Sellers's career on radio, film, television and record spanned from 1948 until his death. He made his radio debut on ShowTime in 1948, followed by appearances in Ray's a Laugh, Starlight Hour, The Gang Show, Henry Hall's Guest Night and It's Fine to Be Young. Along with Spike Milligan, Harry Secombe and Michael Bentine, he took part in the radio series The Goon Show (1951–60). One newspaper described it as "probably the most influential comedy show of all time". For Sellers, the BBC considers it had the effect of launching his career "on the road to stardom".

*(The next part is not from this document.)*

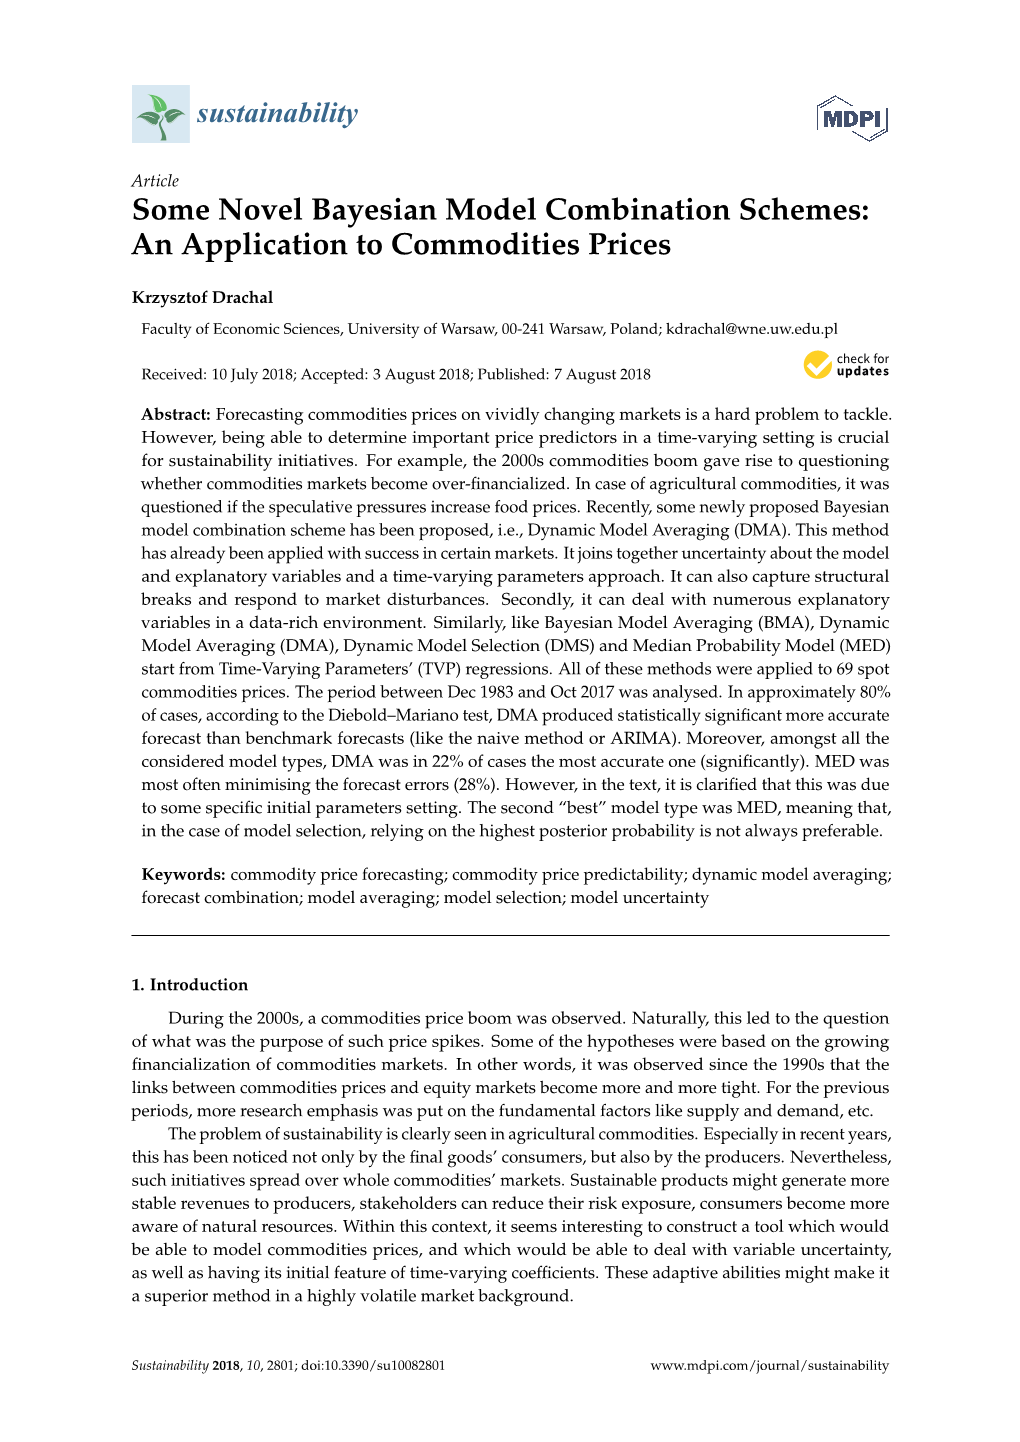 Some Novel Bayesian Model Combination Schemes: an Application to Commodities Prices

Throughout his career, Sellers made a number of television appearances, in character roles and for interviews and advertisements. His stage appearances were few, largely because he had been unhappy with the touring he had done as a child with his family. During his career, he also released a number of albums containing sketches and comic songs; the songs were undertaken in a variety of comic characters. Sellers's versatility enabled him to portray a wide range of comic characters using different accents and guises, and he would often assume multiple roles within the same film, frequently with contrasting temperaments and styles. A feature of the characterisations undertaken by Sellers is that, regardless of how clumsy or idiotic they are, he ensured that they always retained their dignity.

Starting in the 1950s, Sellers appeared in over fifty films, including I'm All Right Jack, Dr. Strangelove, Lolita, Being There and the Pink Panther series. At the peak of his career, he was one of the most popular stars at the British box office: third in most popular films in 1962, and second in 1963. Sellers was nominated three times for an Academy Award, twice for the Academy Award for Best Actor. Turner Classic Movies calls Sellers "one of the most accomplished comic actors of the late 20th century". In 2005, Channel 4 conducted a survey of modern-day comedians, who ranked Sellers as the 14th most influential comedian of all time.

== Stage credits ==

Stage credits of Peter Sellers
| Show | Dates | Theatre | Role | Notes |
|---|---|---|---|---|
| Jack and the Beanstalk | 1946 | Théâtre Marigny | Various |  |
| Mother Goose | December 1954 – March 1955 | London Palladium | The Squire |  |
| Brouhaha | 17 August 1958 – February 1959 | Aldwych Theatre | The Sultan |  |

At the start of his career, Sellers also performed acts in a number of variety shows in various parts of Britain; his wartime service with the Gang Shows of Ralph Reader saw him perform in India, Ceylon and Burma.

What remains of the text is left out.